MORE than 100 churches have been burned to the ground in ethnic violence in Manipur, north-east India, a partner in India of the charity Open Doors said on Wednesday.
The number dead and injured is difficult to verify owing to suspension of the internet, but, on Tuesday, the BBC referred to officials’ reporting 60 dead, 200 injured, and tens of thousands displaced.
Clashes between different ethnic groups in the state date back decades. More than half (53 per cent) of the population are Meitei, a largely Hindu group that also includes some Christians, and who live in the Imphal Valley region. The two main tribal groups are the Naga and Kuki, who are mostly Christian, live in the hills, and have “Scheduled Tribe” status under an affirmative-action programme that grants eligible groups access to forest lands, a guaranteed proportion of government jobs, and places in educational institutions.
Last week, demands by the Meitei people for access to the status prompted protests. Thousands of tribal people took part in a rally organised by the All Tribal Students Union of Manipur. Violence broke out on Wednesday of last week between the Kuki and Meitei. Thousands of Indian troops have been deployed to the state, and thousands of people have been moved to camps for safety.
On Wednesday, the Open Doors partner said that the rally had been peaceful, and that Christians had been “heavily victimised” in a “flagrant display of violence and destruction and catastrophe”.
“It is the Christian community who was basically targeted,” he said. “Reports suggest that more than 100 churches have been burned down. . . Many casualties have happened, but we are not able to establish how many. But 80 per cent of the people who have been killed are Christians. Everything which had a Christian identity or Christian mark was attacked by the majority community in Manipur.”
Christians had sought shelter in army camps, where they were surviving on a single plate of porridge or rice, once a day. They had abandoned homes in the capital of Manipur, which had been burned down or destroyed. Some had fled the state via aeroplane. The fate of Meitei Christians was of particular concern, the Open Doors partner said, because they felt “rejected by both groups”. They were “severely victimised” and “under immense pressure to reconvert”.
The majority Meitei community had “a sense of superiority, that they follow a superior religion”, he said. “They control the resources; they have higher political representation.” The government, which was representative of the Meitei community, had failed to protect Christians, because of a “lack of political willpower”.
He spoke of moves by the government to evict tribal people from the hills of Manipur, where they had been living for hundreds of years. The possibility of including the Meitei in the Scheduled Tribal status had caused concern that “those who are already privileged, powerful, [and] have political control, they will control an even higher proportion of resources and power.” In the wake of the clashes, Manipur was going to be divided by ethnicity into two “very clearly demarcated areas”, he suggested.

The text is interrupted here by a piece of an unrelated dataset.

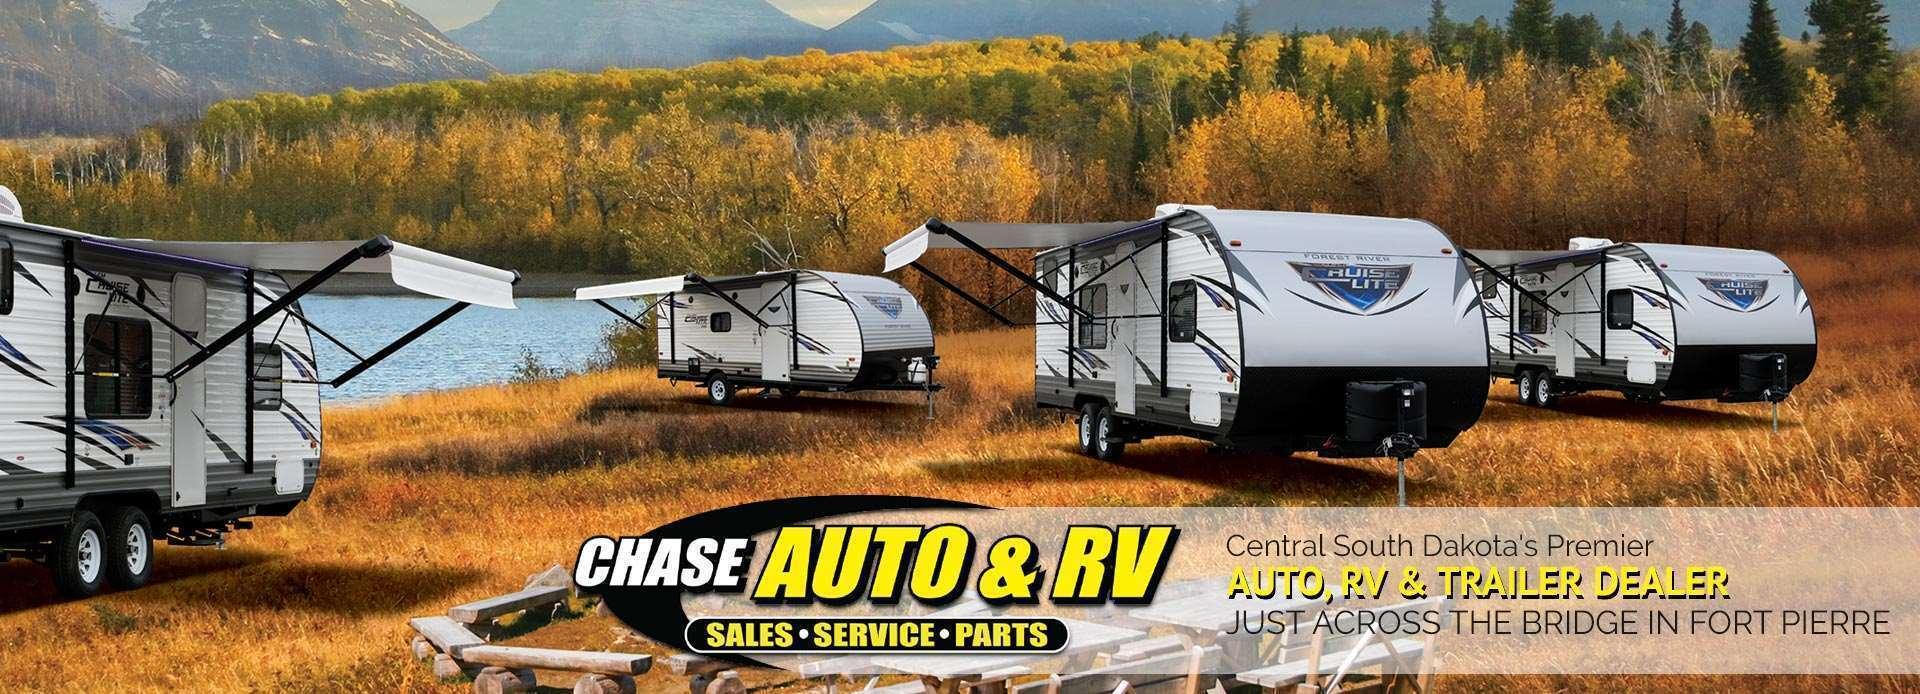 Chase Auto & Rv

International reporting on events in Manipur included interviews with Christians. A youth tribal leader who works in the state capital, Imphal, told CNN that his house had been ransacked on Thursday of last week: “A lot of houses are burnt; all our churches have been vandalised, some have been burnt. I barely escaped — the mob was already in the house.”
On Monday, The Telegraph, an Indian online news site, quoted L. Thangkholet Khongsai, a Kuki Christian pastor, who reported that a mob had burned down the compound of Kuki Christian Church in Imphal, as well as the theological college where he taught and his home.

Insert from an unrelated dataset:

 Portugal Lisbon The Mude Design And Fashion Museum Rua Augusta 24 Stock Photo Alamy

The secretary-general of the Catholic Bishops’ Conference of India, the Most Revd Felix Anthony Machado, quoted in the news site The Wire last Friday, spoke of “the resurgence of the targeting and persecution of Christians in the peaceful state of Manipur in the north-east”, and “disturbing reports in the news and on social media that the Jesuit Fathers serving in these areas have been threatened and made to feel insecure”.

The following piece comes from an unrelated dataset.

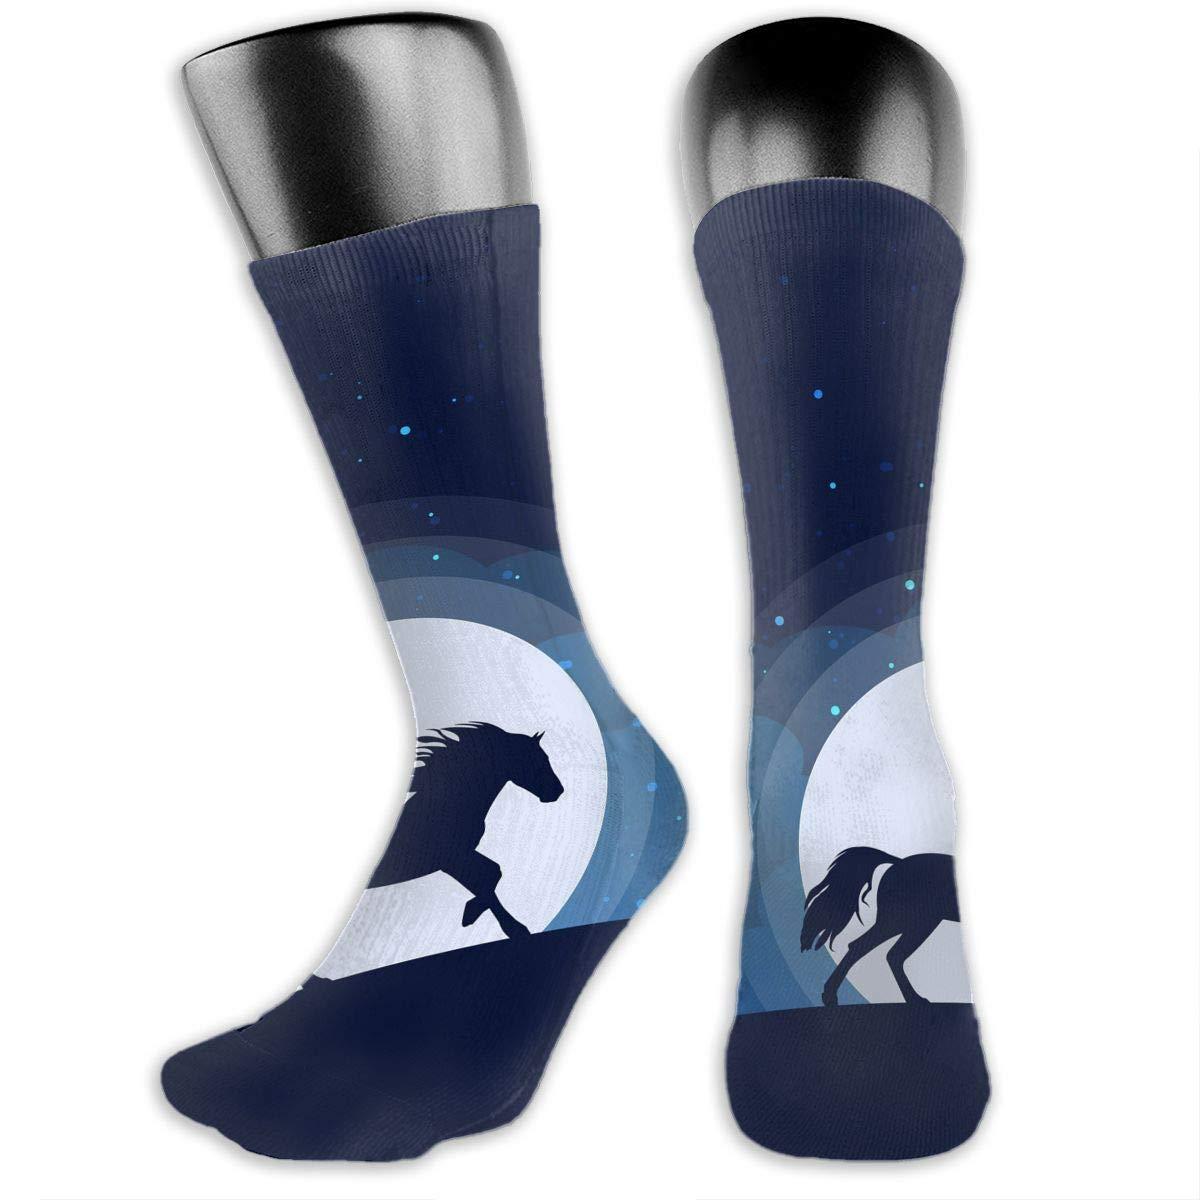 OLGCZM Moon Silhouette Blue Dark Horse Men Womens Thin High Ankle Casual Socks Fit Outdoor Hiking Trail

John Dayal, a spokesman for the All India Catholic Union, told the news site: “The arson and killings are almost on the scale of Kandhamal in Orissa in 2008 (News, 3 January 2008).”
A statement from the Evangelical Fellowship of India issued by its general secretary, the Revd Vijayesh Lal, on Thursday of last week urged “all parties involved to exercise restraint and work towards a peaceful resolution of the issues. We urge the people of Manipur to avoid forces that instigate division and cause polarization. We also appeal to the state and the union government to engage in constructive dialogue with all stakeholders to address the underlying causes of the conflict.”
Writing on the news site Scroll.in on Wednesday, Nandita Haksar, a human-rights lawyer, observed that the “most fundamental conflict” in Manipur was “the resentment of the tribal people . . . against the unequal development and disparity in infrastructure between the Hills and the Valley”. She referred to figures illustrating the disparity in government spending, and the lack of both medical infrastructure and access to water in the Hills.
Tribal communities felt that the political party in power in the state, the BJP, she said, was “playing a dangerous communal politics by backing the Meiteis as ‘Hindus’, as against the tribal peoples who are predominantly Christian. Hindu nationalism has allowed the burning of churches and growing religious fundamentalism in the Valley.”
She concluded: “The people of Manipur are victims of deadly identity politics that has kept them from having conversations across the community. . . Identity politics must be replaced by a politics that leads to development and peace.”